> **What to work on**:
Down to the last line of the listing, starting at the one with "LOS ANGELES - MARZO", retype each line exactly. Do not copy the pictures.

*** Data excerpt ***

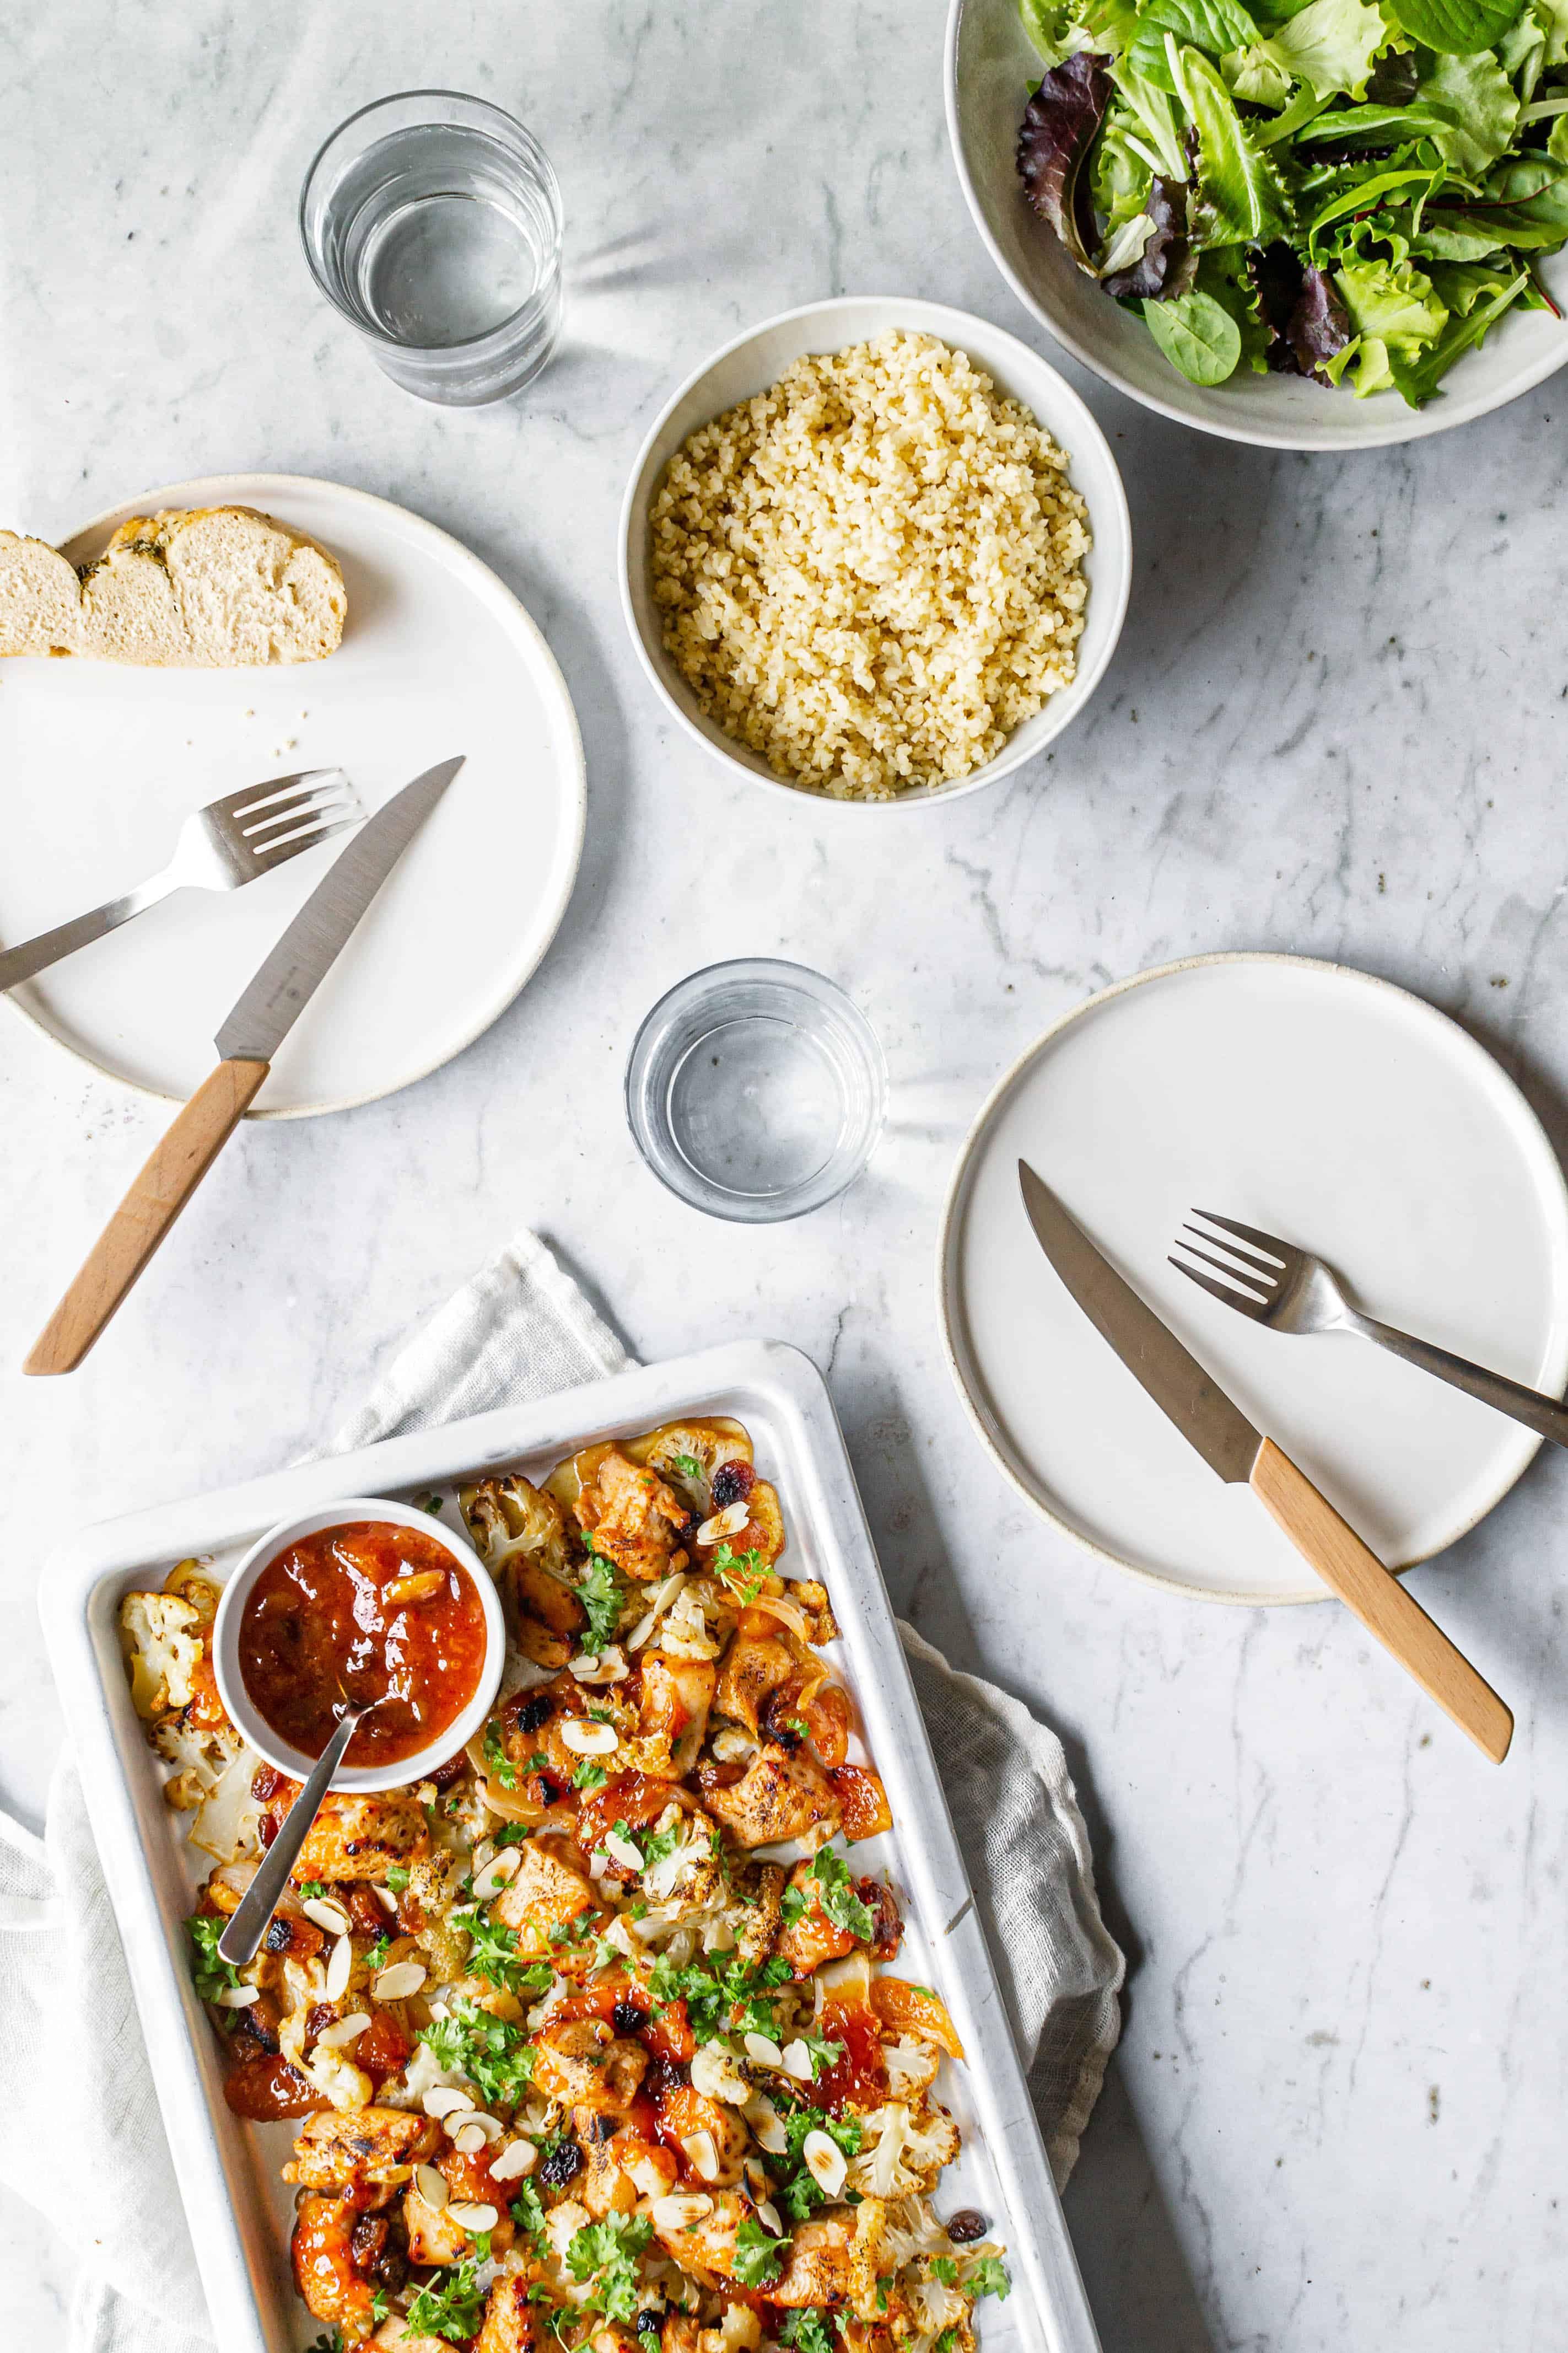 kylling i ovn - aftensmad på 30 minutter
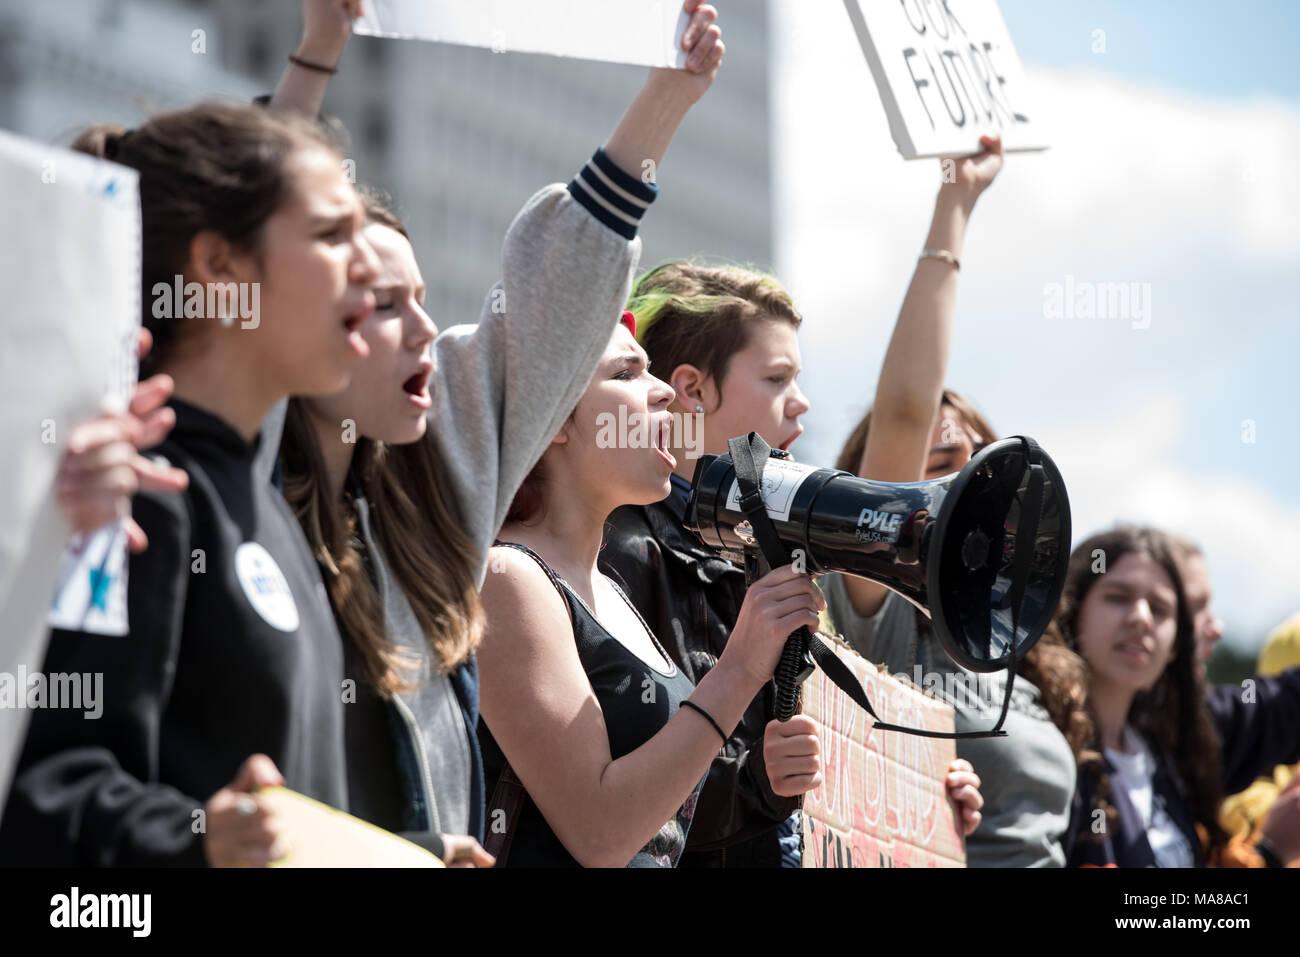 LOS ANGELES - MARZO 24, 2018: marzo per la nostra vita è un movimento dedicato a studenti-attivismo led intorno al fine della violenza pistola e l'epidemia di massa Immagini Stock
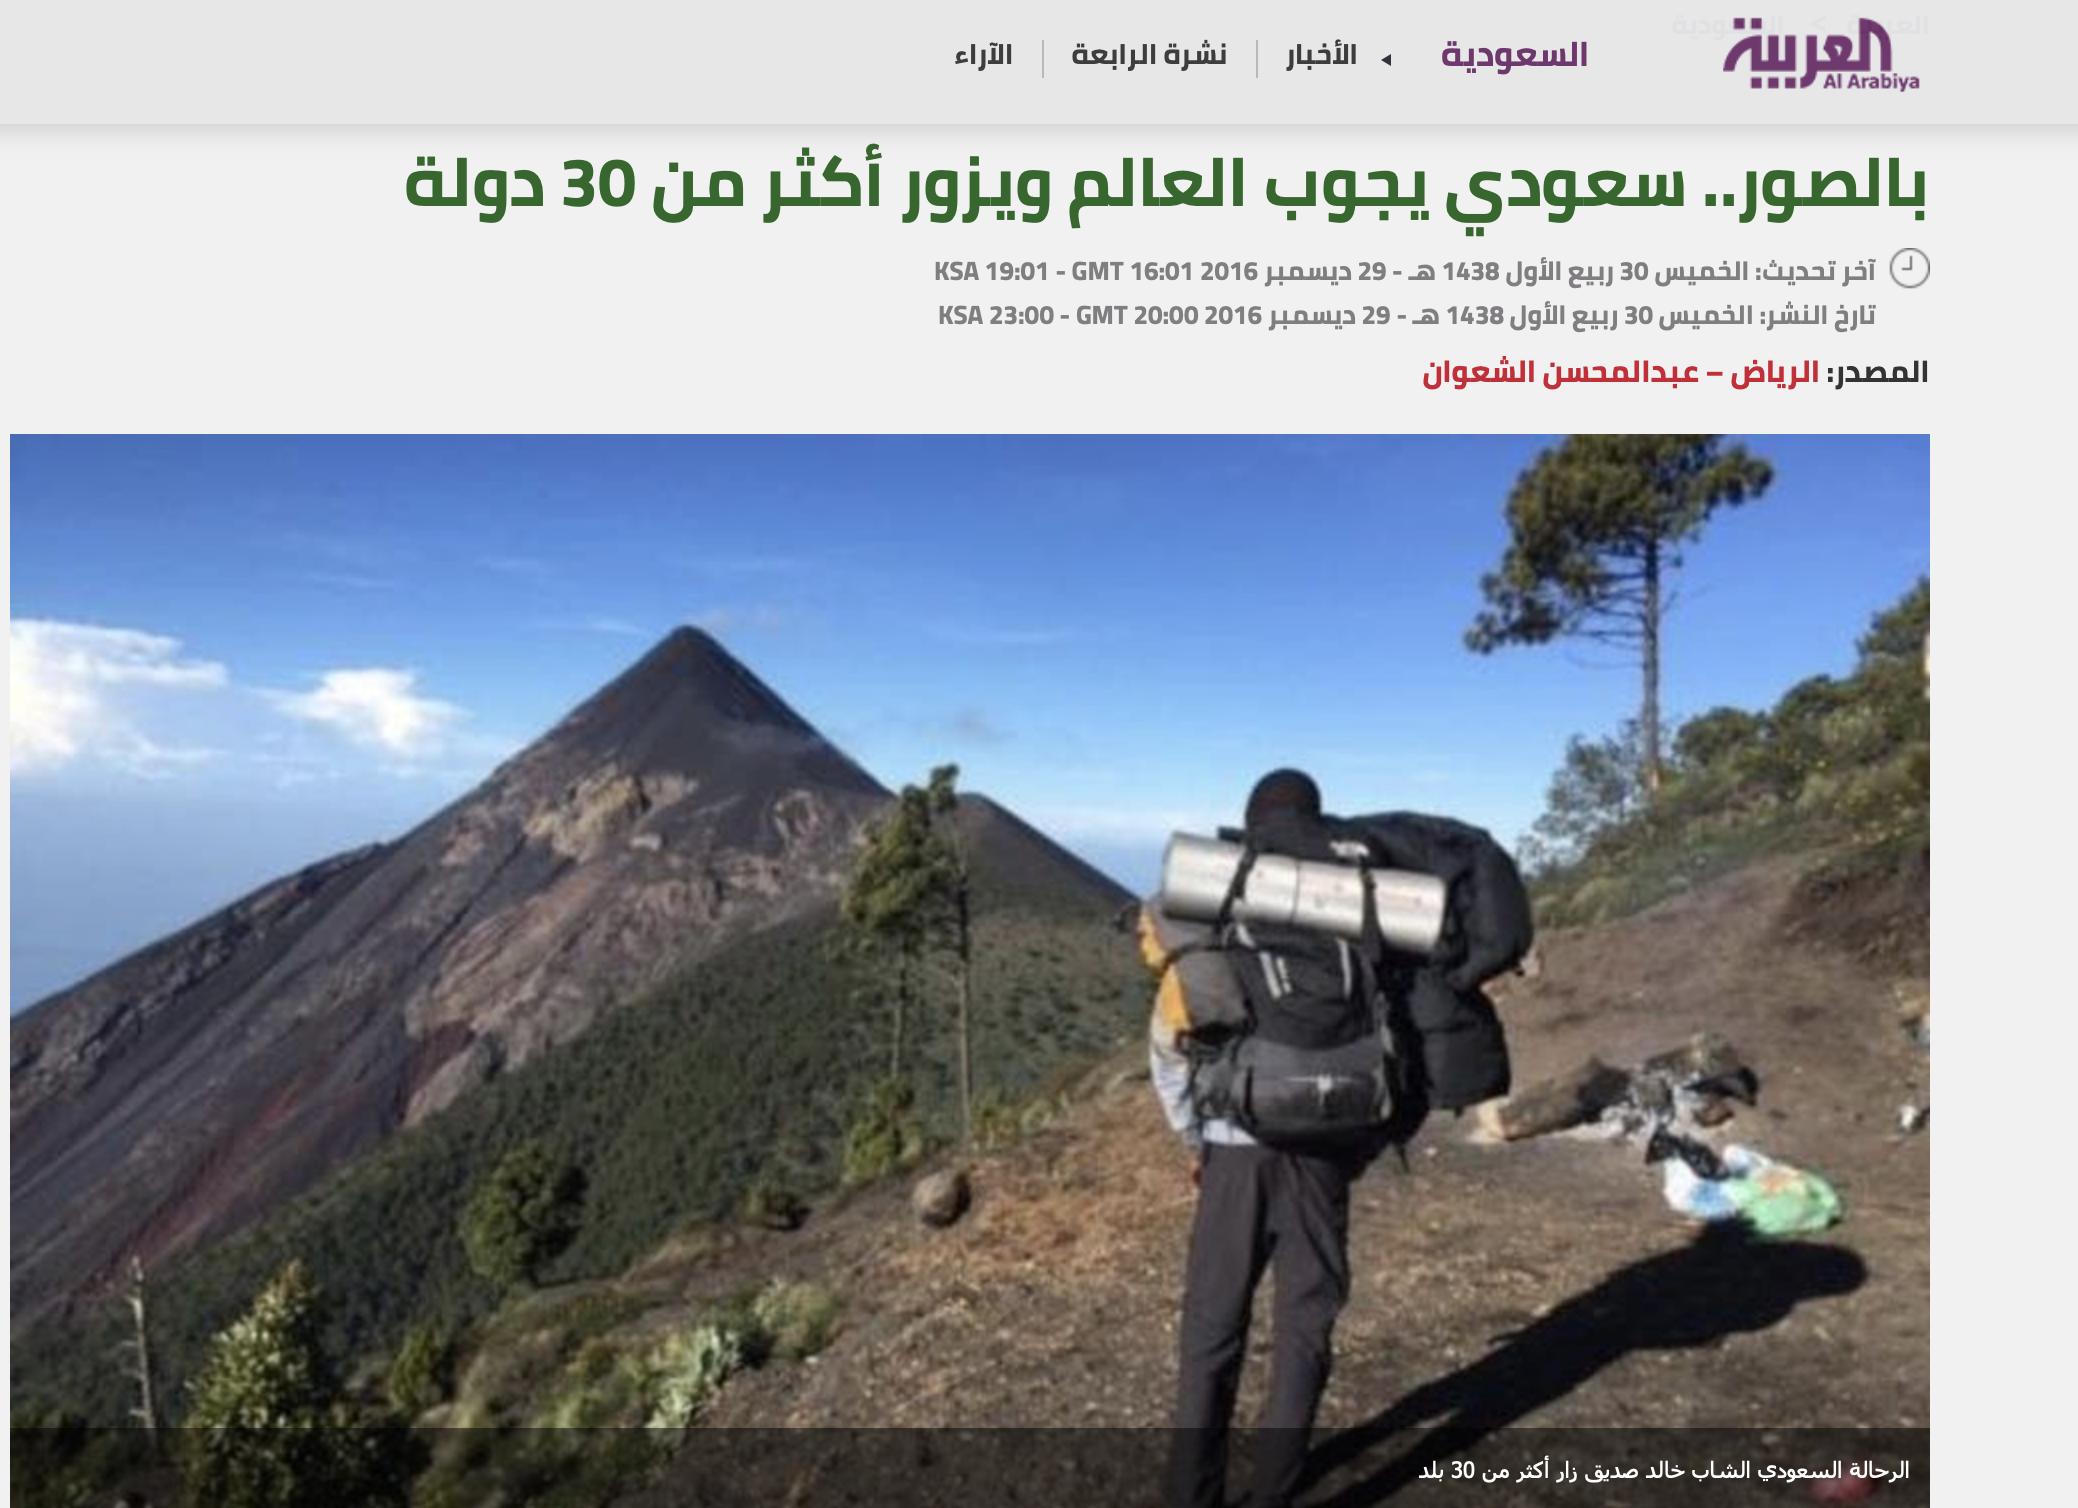 لقاء مع قناة العربية - وحديث حول بعض الرحلات

***

> **Finished task**:
 LOS ANGELES - MARZO 24, 2018: marzo per la nostra vita è un movimento dedicato a studenti-attivismo led intorno al fine della violenza pistola e l'epidemia di massa Immagini Stock
 لقاء مع قناة العربية - وحديث حول بعض الرحلات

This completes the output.